Task statement >>
Every line below from the one with "Clint Eastwood Inspired" through the one with "Twilight ONCE UPON A TIME CD" is to be repeated exactly, with no picture among them.

Records provided >>
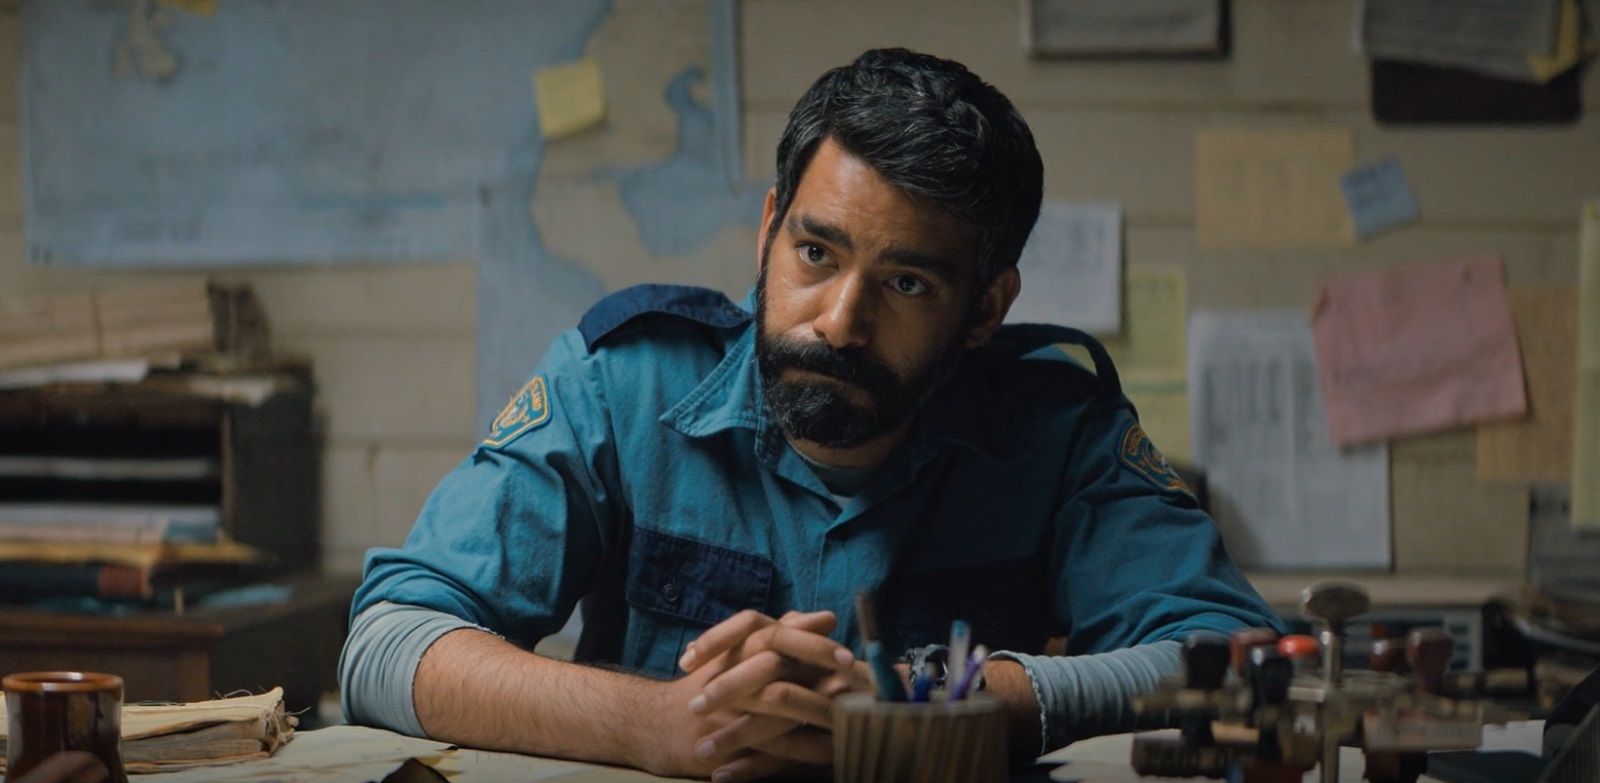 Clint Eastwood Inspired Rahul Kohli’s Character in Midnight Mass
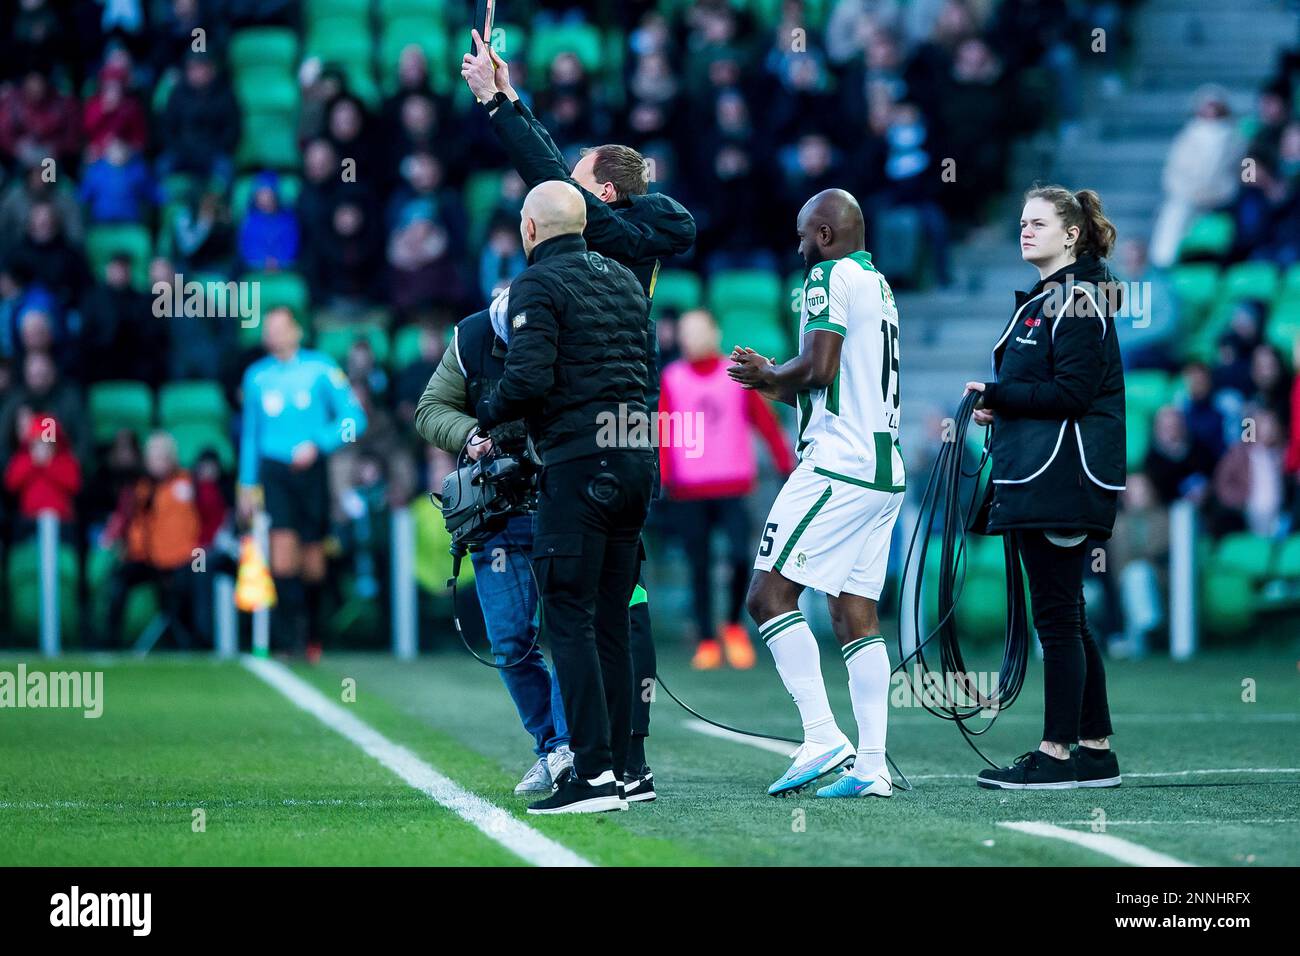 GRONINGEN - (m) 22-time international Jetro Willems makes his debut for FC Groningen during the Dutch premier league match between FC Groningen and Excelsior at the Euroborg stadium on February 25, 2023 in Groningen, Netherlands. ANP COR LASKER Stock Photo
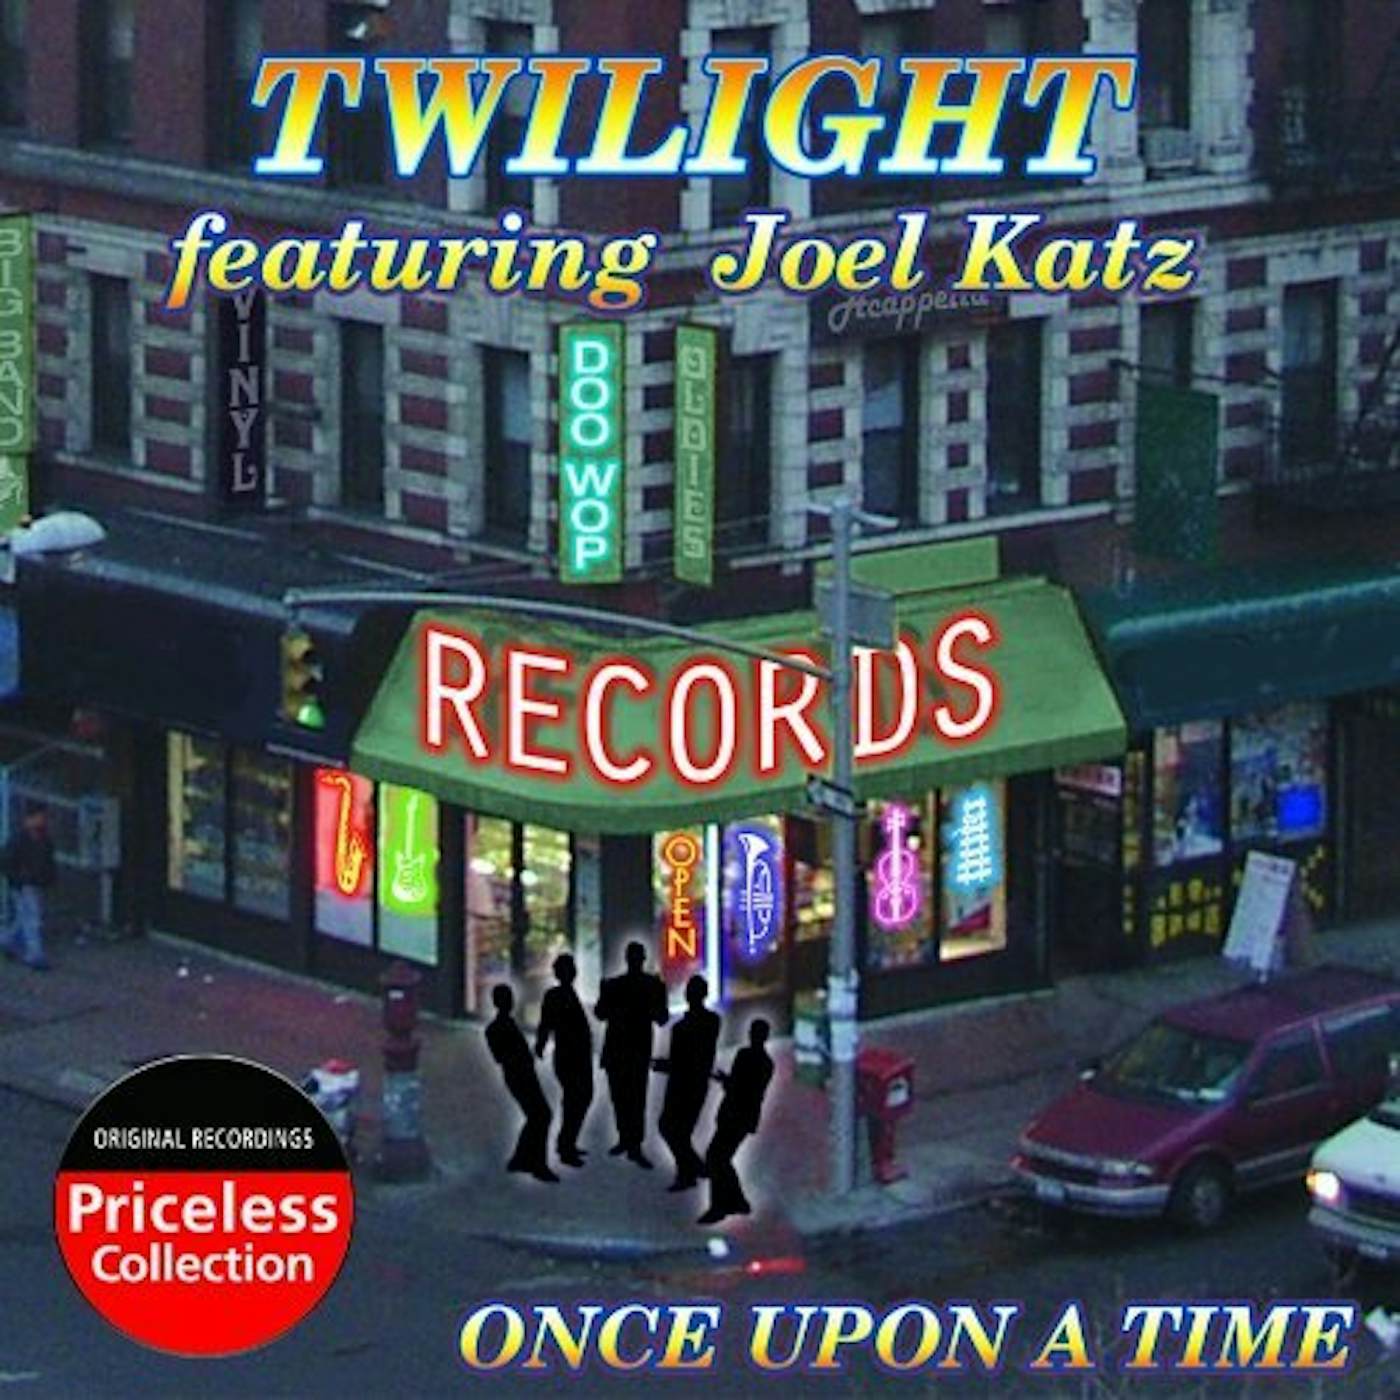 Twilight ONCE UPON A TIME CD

...

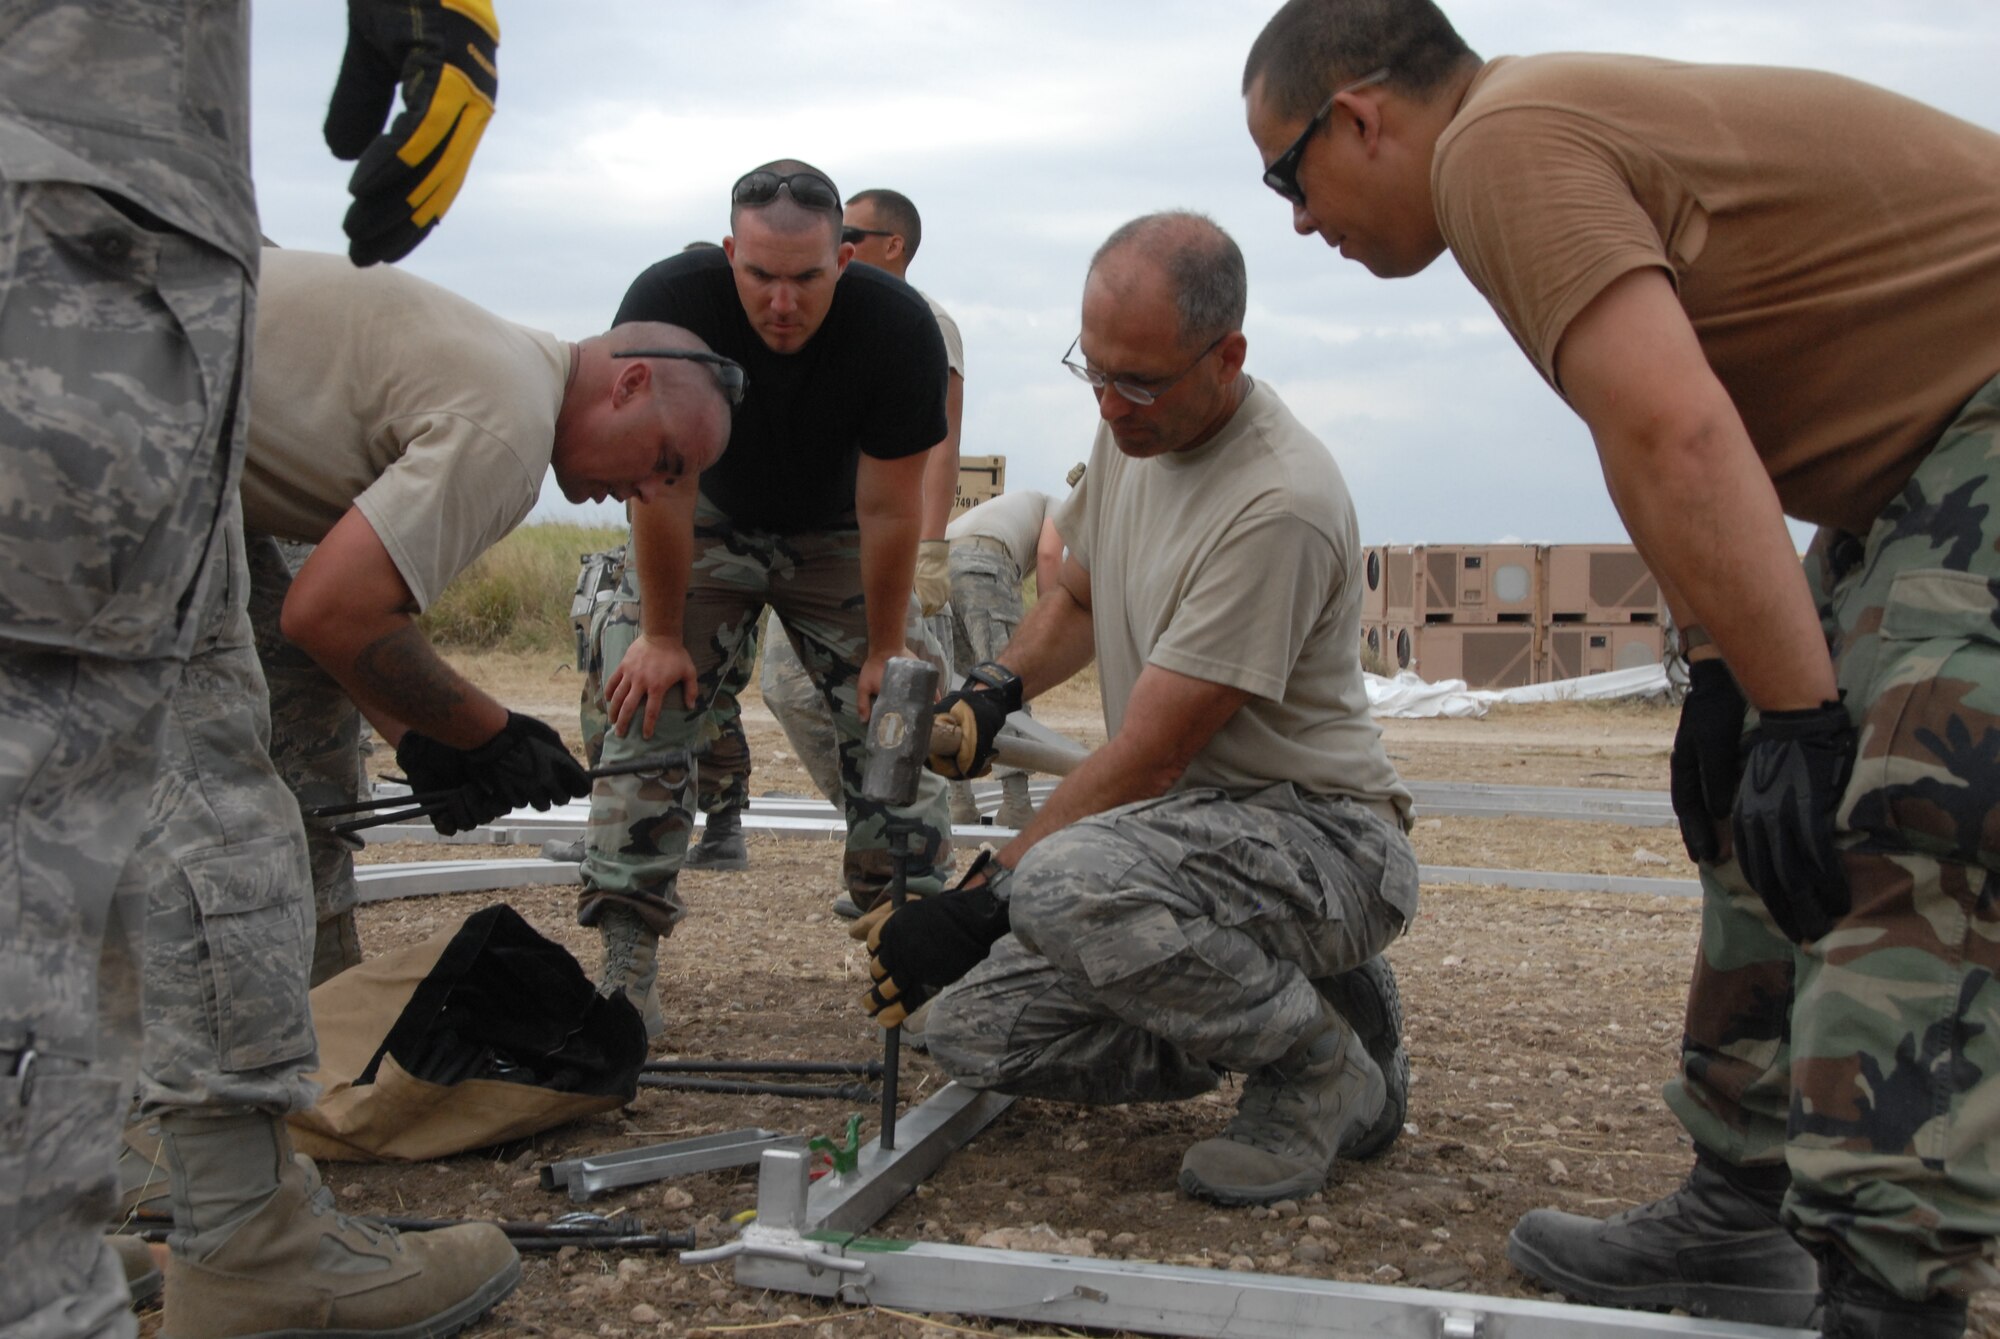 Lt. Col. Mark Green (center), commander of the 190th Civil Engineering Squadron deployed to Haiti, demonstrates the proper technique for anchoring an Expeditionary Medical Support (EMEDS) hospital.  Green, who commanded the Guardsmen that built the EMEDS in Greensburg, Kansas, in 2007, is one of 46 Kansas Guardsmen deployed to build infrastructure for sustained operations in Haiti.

Solved exercise >>
 Clint Eastwood Inspired Rahul Kohli’s Character in Midnight Mass
 GRONINGEN - (m) 22-time international Jetro Willems makes his debut for FC Groningen during the Dutch premier league match between FC Groningen and Excelsior at the Euroborg stadium on February 25, 2023 in Groningen, Netherlands. ANP COR LASKER Stock Photo
 Twilight ONCE UPON A TIME CD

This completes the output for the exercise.